Paris: to celebrate its 150th anniversary, the Wallace Fountain enters the Carnavalet Museum


Emblematic of Parisian street furniture, the Wallace fountains – named after their sculptor Sir Richard Wallace (1818-1890) – celebrate their 150th anniversary this year. A symbolic date which also marks the entry into the Carnavelet Museum of one of the oldest of them, this Wednesday, April 13.

Inspired by the “drinking fountains” of London, the first Wallace fountains were created in 1872 in Paris, when the very wealthy English sculptor Richard Wallace, living in Bagatelle, was struck by the shortage affecting the capital during La Commune.

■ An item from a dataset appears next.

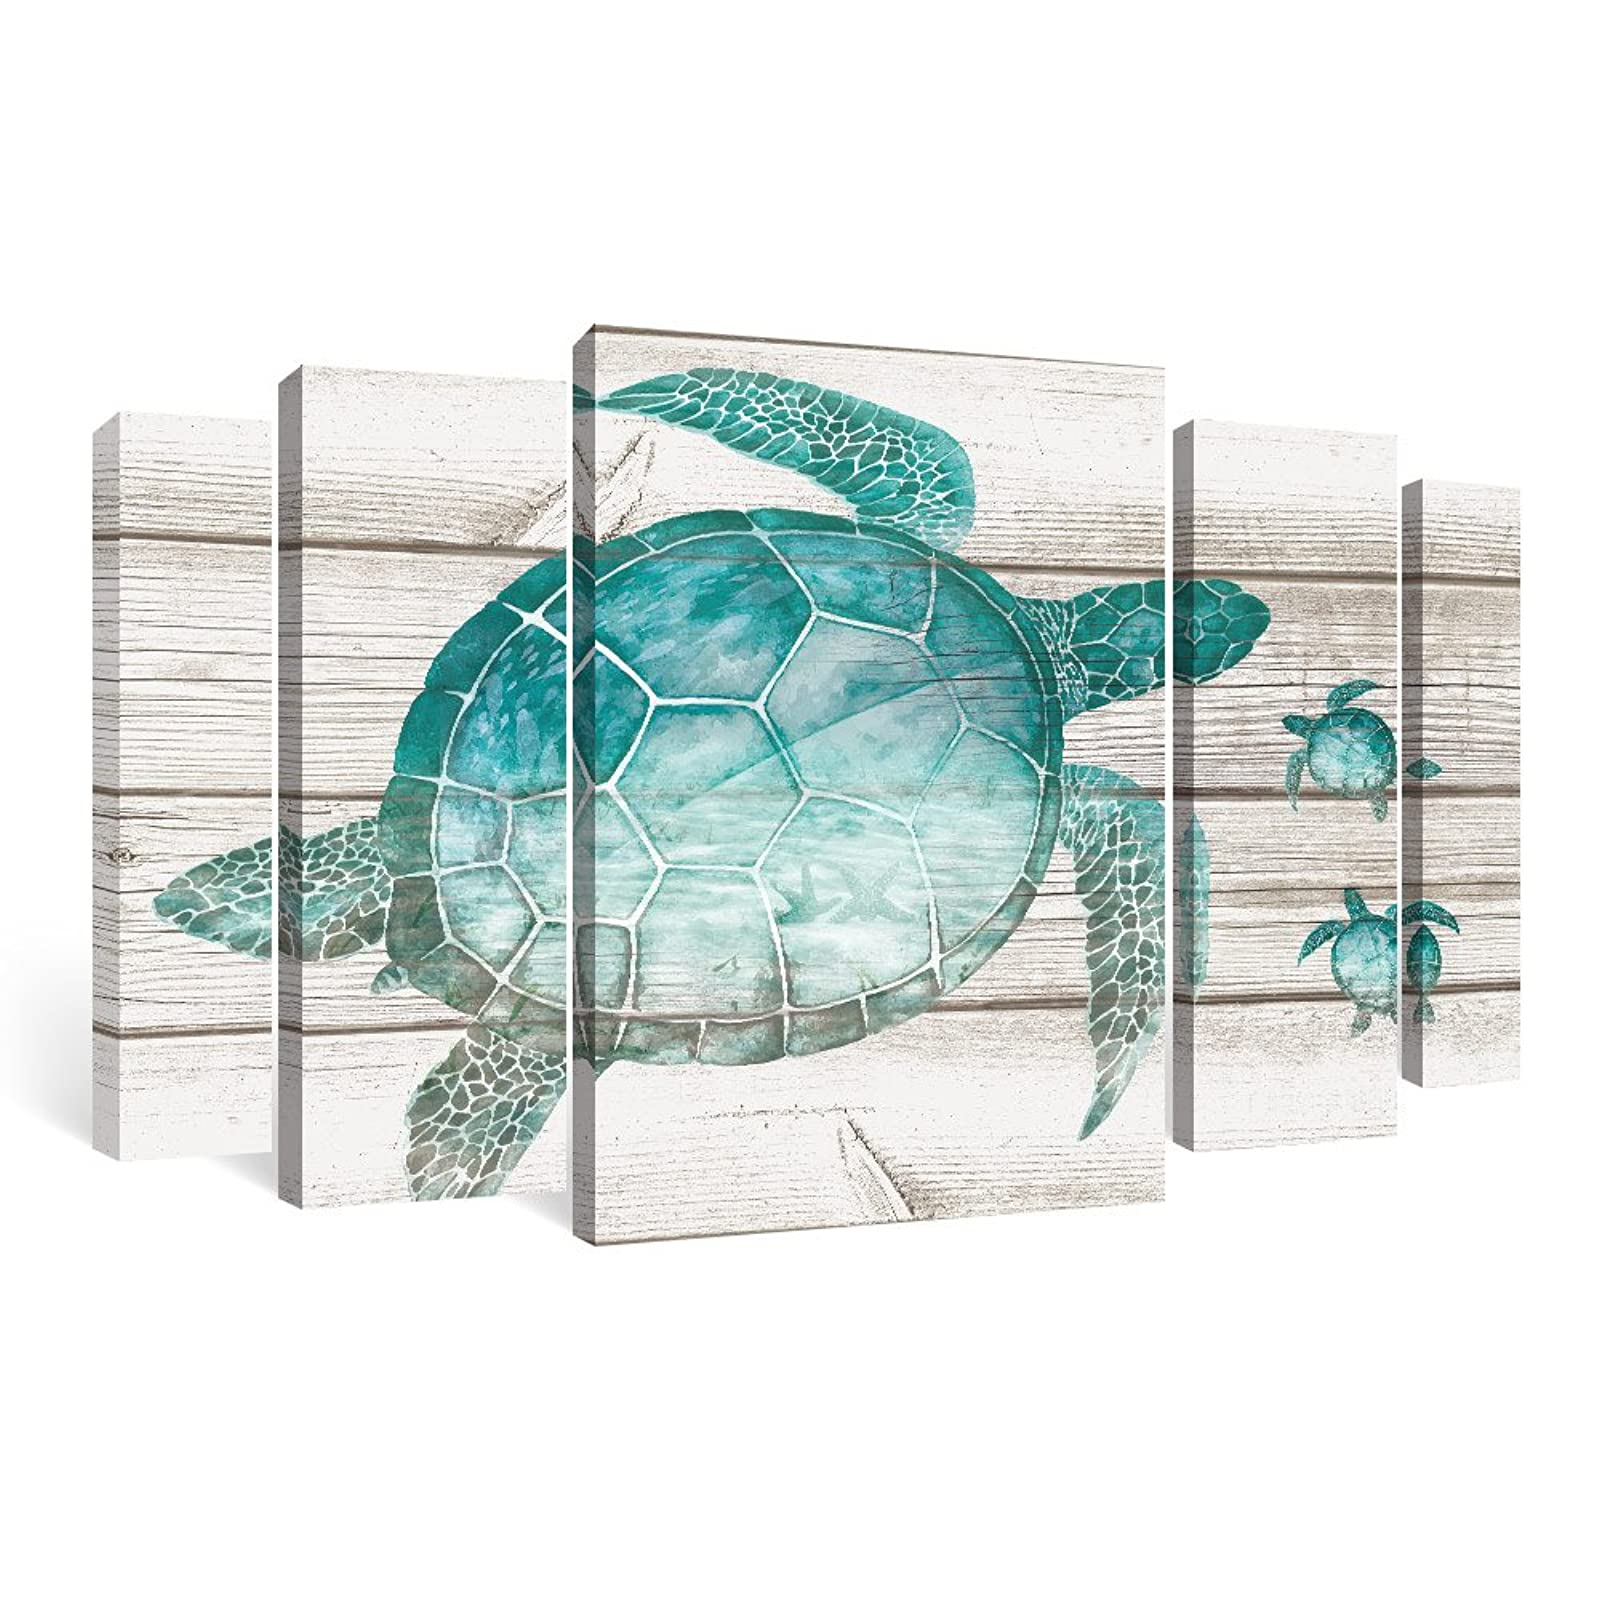 Sumgar Framed Wall Art Living Room Beach Pictures Teal Bathroom Decor Ocean Large Paintings Sea Turtle 5 Piece Walmart Com Walmart Com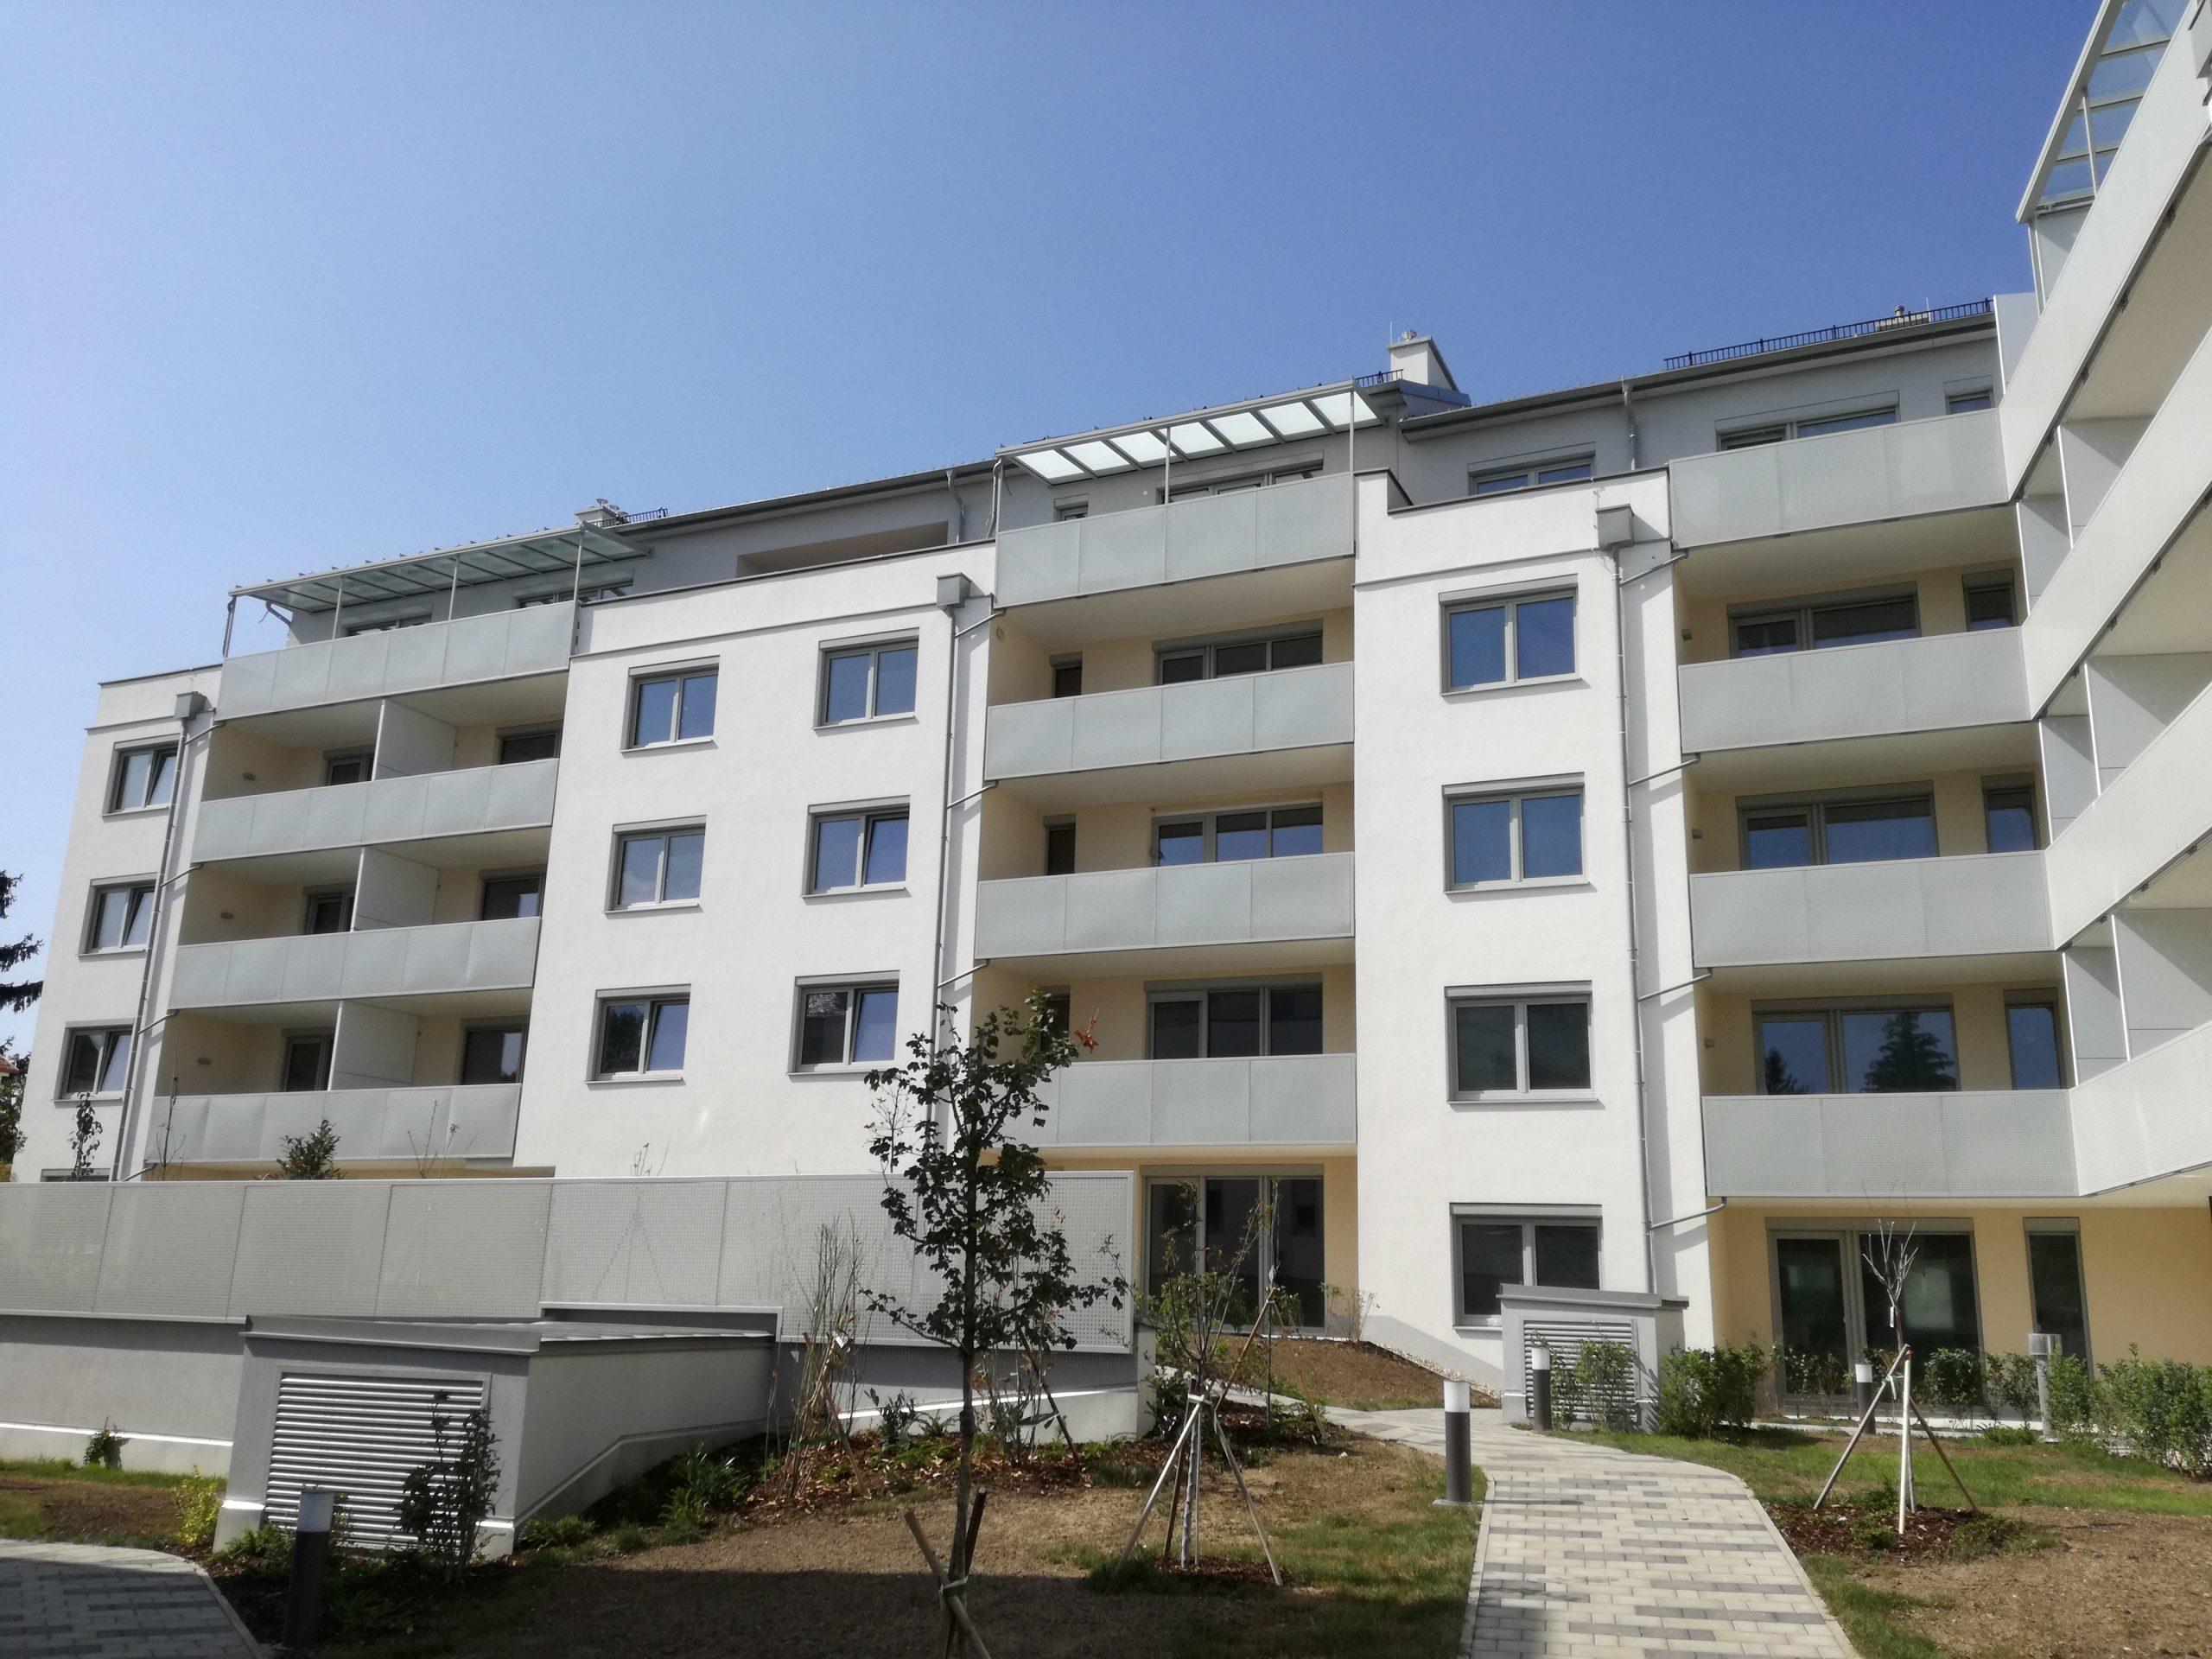 Immobilie von Kamptal in 2130 Mistelbach, Mistelbach, Mistelbach X/1 & X/2 - Top 205 #2

The very first of them was installed on Boulevard de la Villette (19th) in 1872. The same year, another copy was installed on Place Denfert-Rochereau (14th). It is the same one whose arrival at the Carnavelet Museum, the History Museum of the city of Paris, has just been celebrated this Wednesday.

“On the occasion of their 150th anniversary, we thought it would be a good idea to bring one of these Wallace fountains into the museum. […] and it was very important for us that we benefit from an old cast,” explains Juliette Tanré-Szewczyk, curator in charge of sculptures and architectural and urban heritage at the Carnavalet Museum.

A form that remains almost unchanged

Because some of the fountains present in the Parisian public space are in fact much more recent, since the model has been preserved, and are today produced by the GHM Sommevoire foundry, in Haute-Marne, and reproduced on order from the Parisian municipality. .

“The mold has changed very little”, underlines the curator, who details its specificities: “it is a large green fountain, a typical color of the Parisian urban space placed on a geometric base. It is made up of four women, each of whom represents a virtue: kindness, charity, simplicity and sobriety, and who support a dome placed on their heads.

Between 1872 and the beginning of the 1930s, the sculptor Richard Wallace thus financed and donated 50 fountains to the City of Paris: 40 fountains based on this caryatid model and 10 fountains in the form of sconces. All the others – there are around a hundred in Paris today – have since been made from the original mould.

It should be noted that if the color green is the historic color of these fountains, as Napoleon III had wished, 7 Parisian examples have been repainted to “bring a touch of modernity” and “to reinforce their visibility”. A red fountain is thus visible at 66, avenue d’Ivry (13th) or even a yellow gold place Joseph Epstein (20th).

And to celebrate their 150th anniversary, the GHM Sommevoire foundry, the British Embassy in Paris and the Société des Fontaines Wallace are planning to organize a big party which will take place on September 24 and 25.